Data segment
-- Opening Marker --

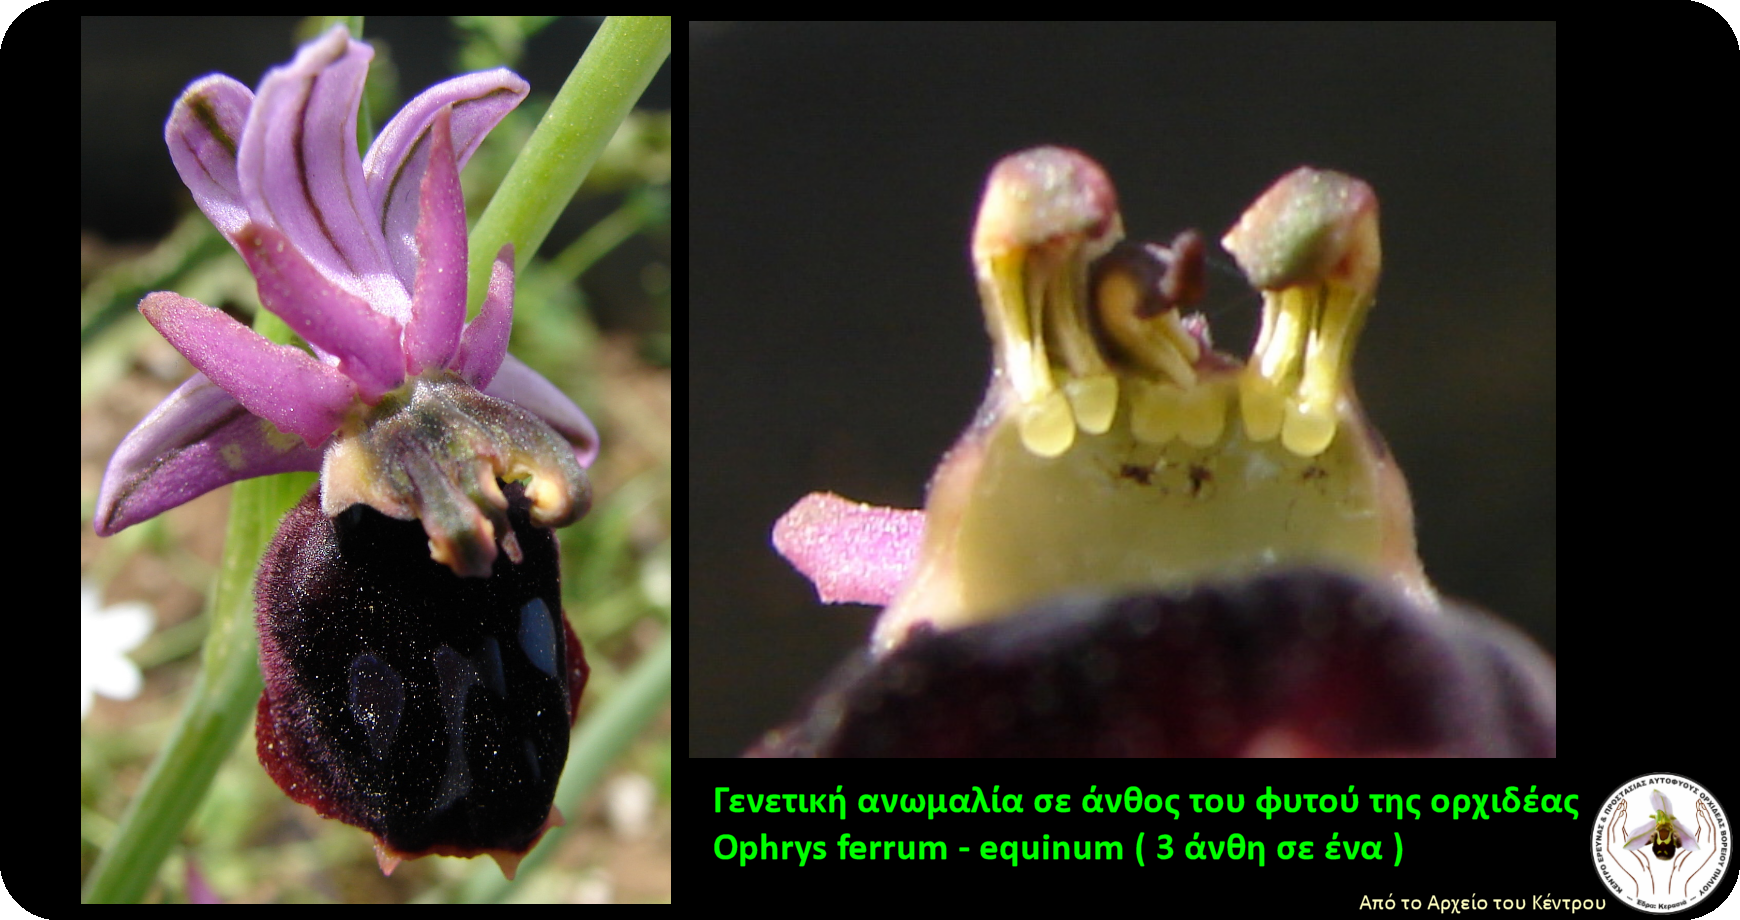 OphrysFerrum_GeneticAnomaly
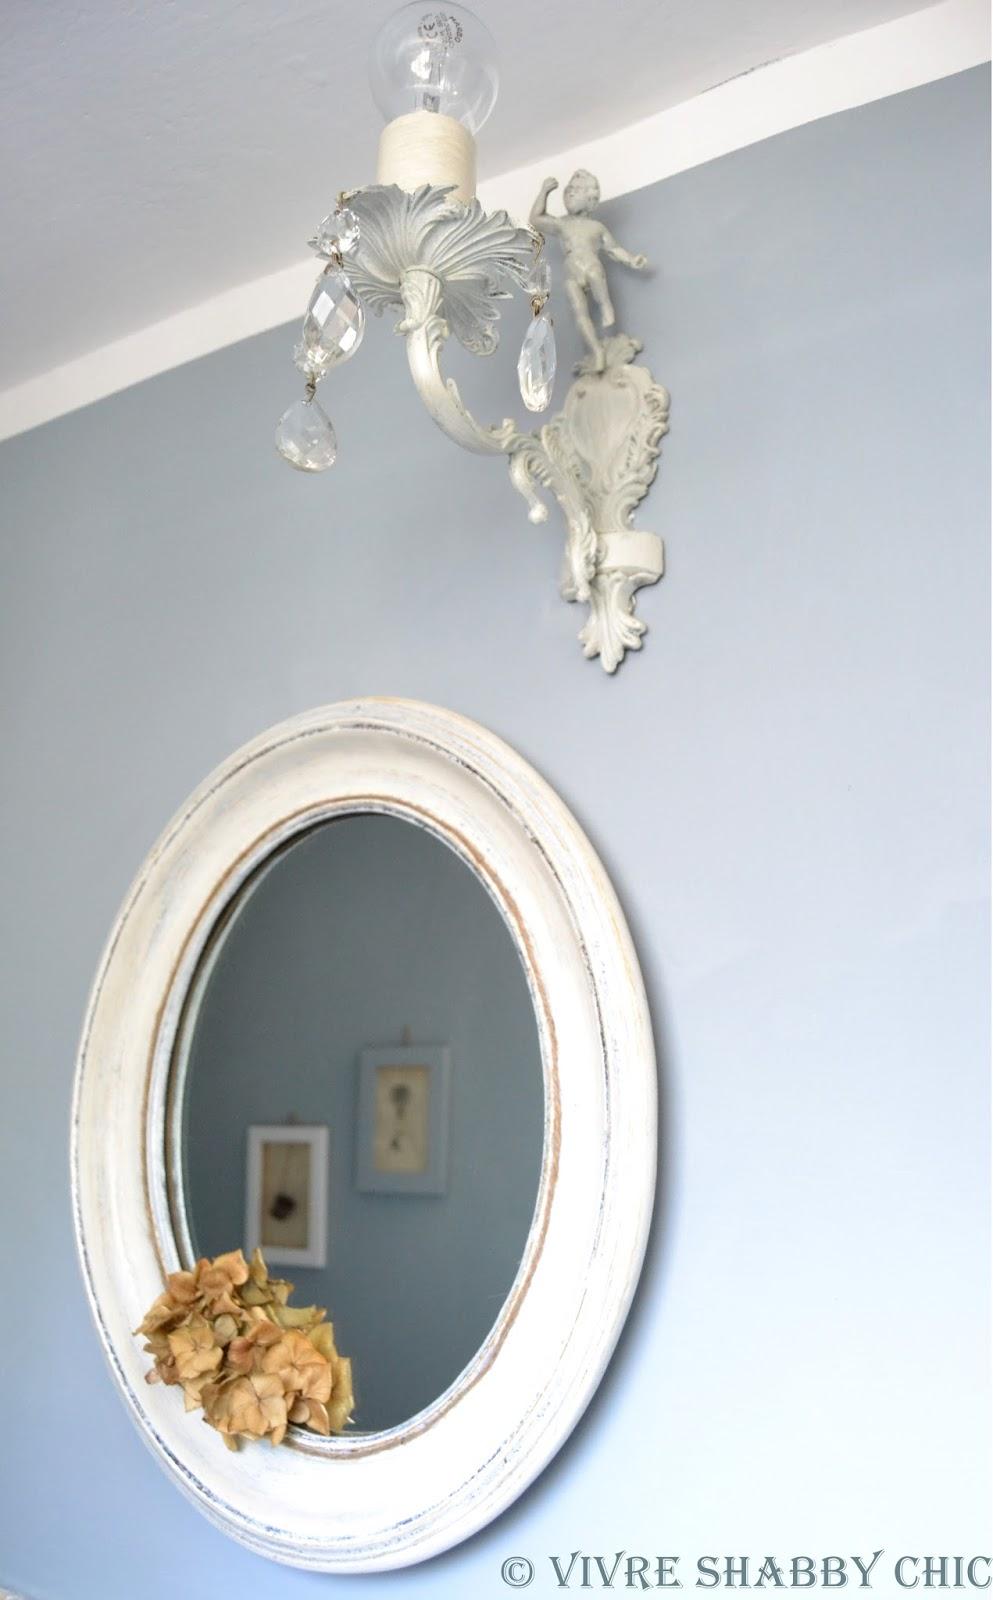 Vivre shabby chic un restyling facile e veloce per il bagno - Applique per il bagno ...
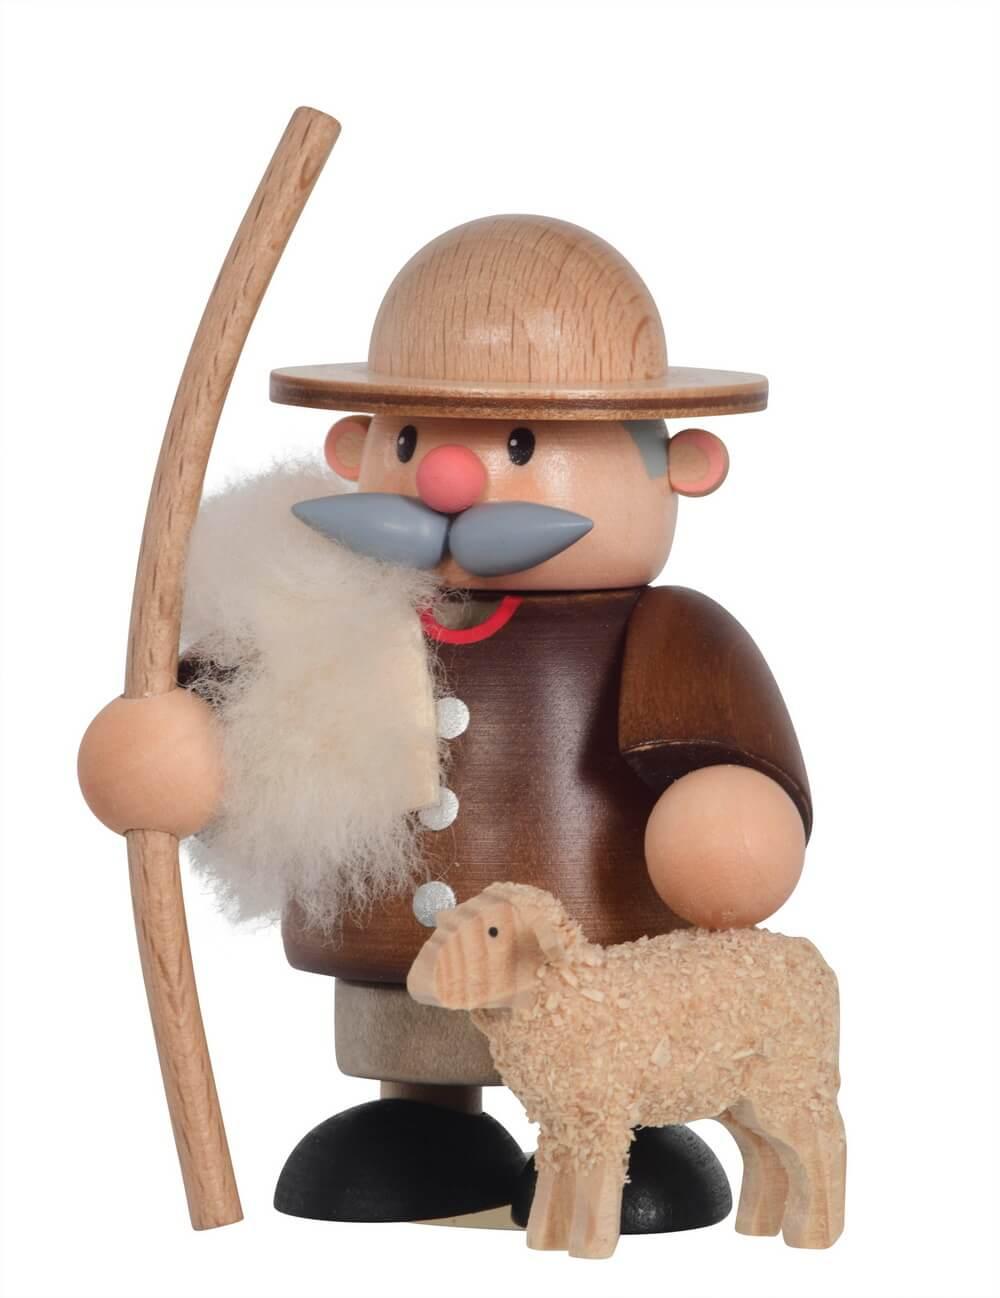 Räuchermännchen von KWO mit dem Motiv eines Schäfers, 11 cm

-- Closing Marker --

Activity
Return all of the material precisely as written. No picture belongs in it.

Output below
 OphrysFerrum_GeneticAnomaly
 Vivre shabby chic un restyling facile e veloce per il bagno - Applique per il bagno ...
 Räuchermännchen von KWO mit dem Motiv eines Schäfers, 11 cm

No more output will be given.